### WHAT IS REQUIRED:
Give back the listing in full and exactly, leaving out the images.

### GIVEN MATERIAL:
* * * * * * *
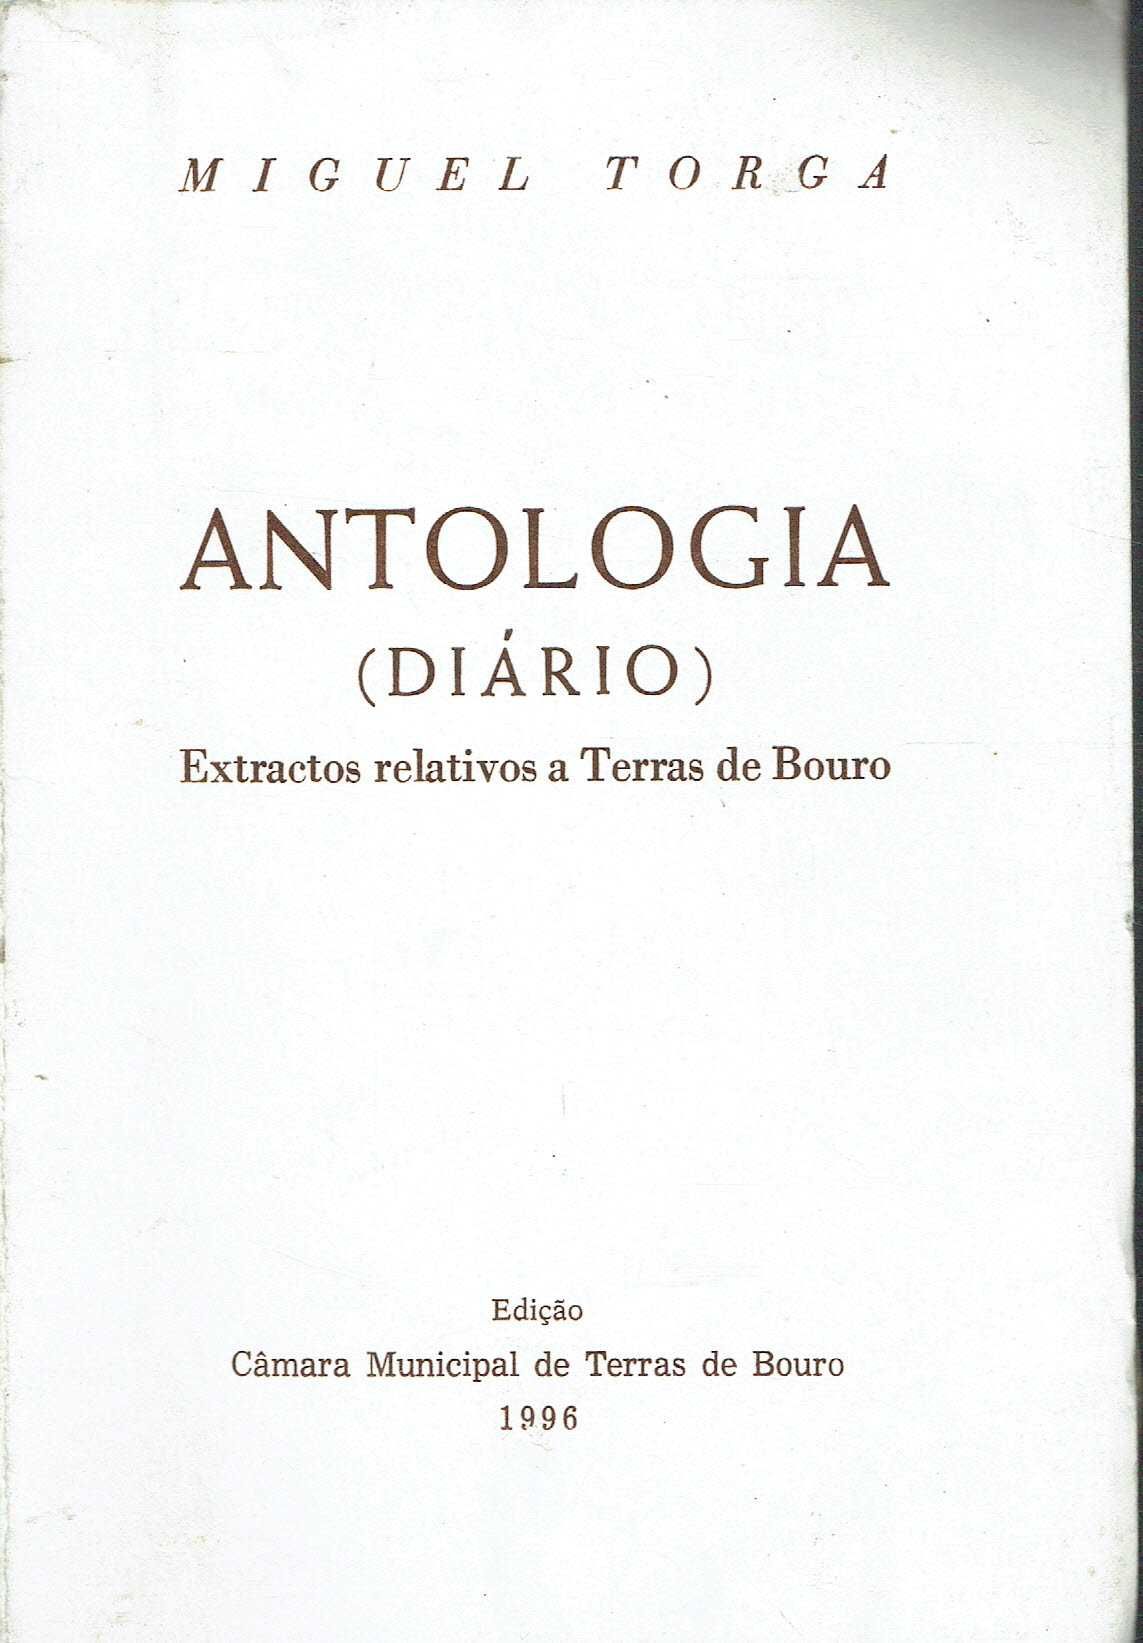 4906
Antologia : diário: relativos a Terras de Bouro 
de Miguel Torga.
* * * * * * *
### PROBLEM SOLUTION:
 4906
Antologia : diário: relativos a Terras de Bouro 
de Miguel Torga.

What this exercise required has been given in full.